Ahah. Le truc avec le blues, c’est que tu peux bien t’amuser avec ce format quand tu as la verve. Moi, ça m’a éclaté de faire ce morceau, qui se veut étonnant tout en restant dans mon créneau. Et puis ça me permet de dénoncer un peu (les réseaux pédophiles, les décisions qui ont conduit à l’arrivée des gilets jaunes, etc.). Mais bon, pour ça, il faut tendre l’oreille. C’est comme pour CANAL+ : il faut parfois un décodeur pour bien me comprendre.
Sur « Destroy » tu te laisses parfois aller à un peu de mélancolie. Tu as pourtant tout pour être heureux, non ?
Bien sûr ! C’est plus un délire qu’autre chose ! Moi, j’ai beaucoup de chance dans ma vie personnelle. Tout ce que j’ai toujours demandé à Dieu, j’ai fini par l’avoir. Pas toujours au moment où je le voulais, mais je l’ai eu. J’ai une femme, un commerce, des enfants, des tas d’albums et des concerts remplis. Alors, oui, je n’ai pas de disque d’or, mais comme on dit : « No money, no problem. » Je sais d'où je viens et, surtout, je sais qui m'entoure.

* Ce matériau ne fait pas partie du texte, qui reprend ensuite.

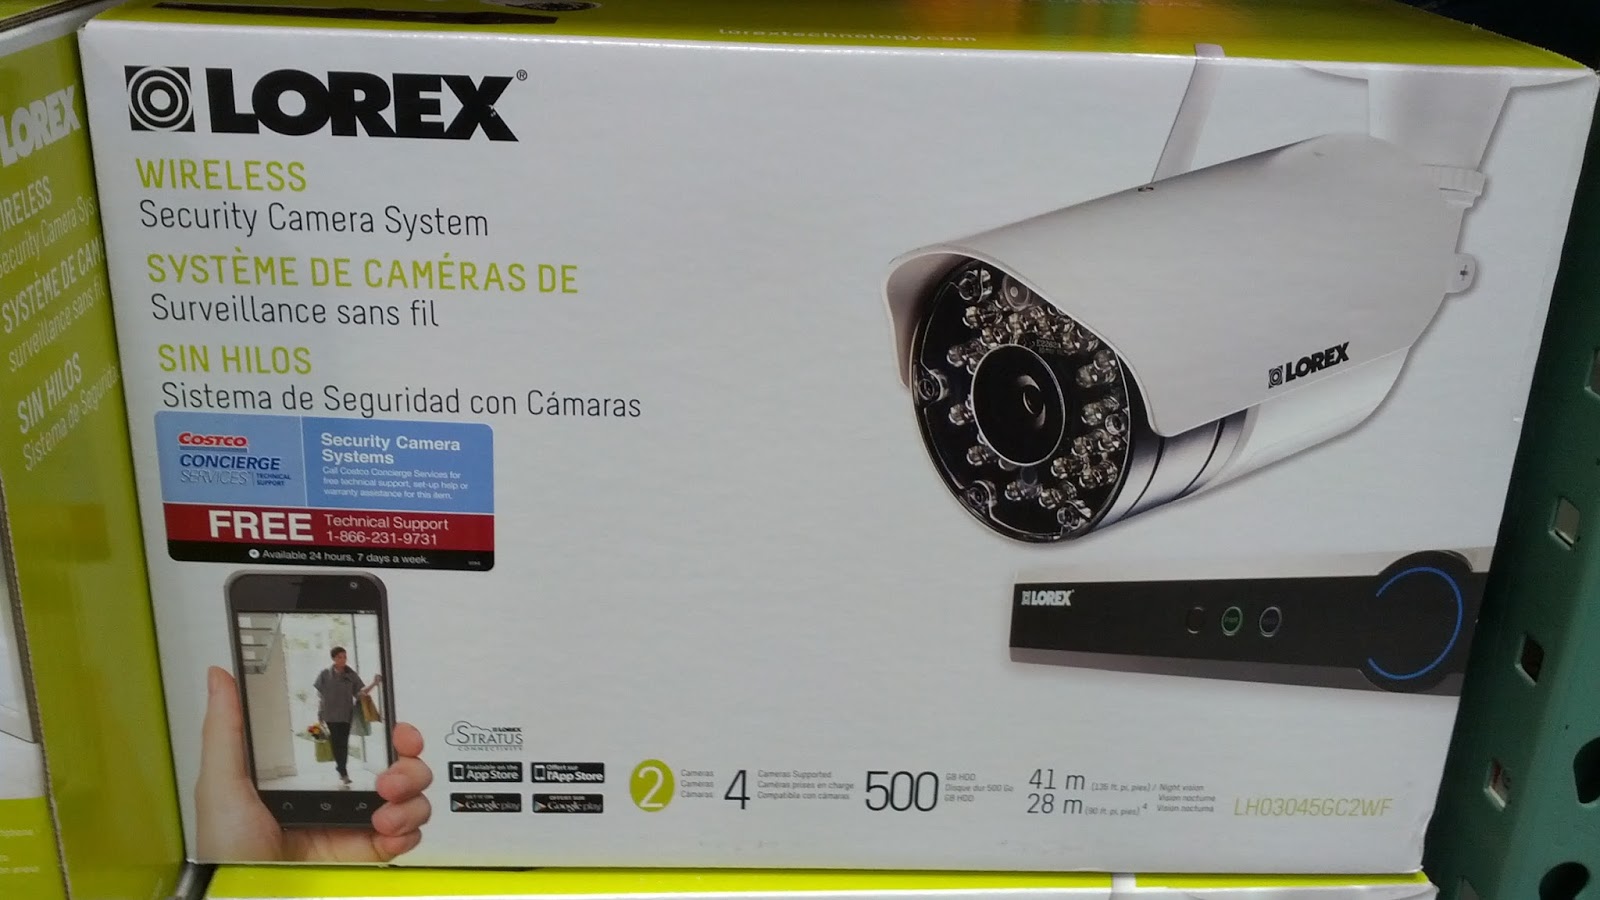 Lorex LH03045GC2WF Surveillance System and Wireless Camera

Je n'ai pas besoin de ces girouettes sans parole qui m'ont dit OK pour un featuring et n'ont jamais donné suite sous pretexte que je ne suis pas de ces rappeurs qui vont faire rapidement un million de vues avec leur clip.
Tu le regrettes ?
Non, c'est tant mieux : au moins, je n'attire pas ceux qui ne pensent qu'à travers les clics ou le buzz. Et, crois-moi, il y a en beaucoup. L'industrie est remplie de gens qui se comportent comme des ombres. Ils sont là quand la lumière apparaît autour de toi, mais disparaissent illico une fois l'obscurité arrivée.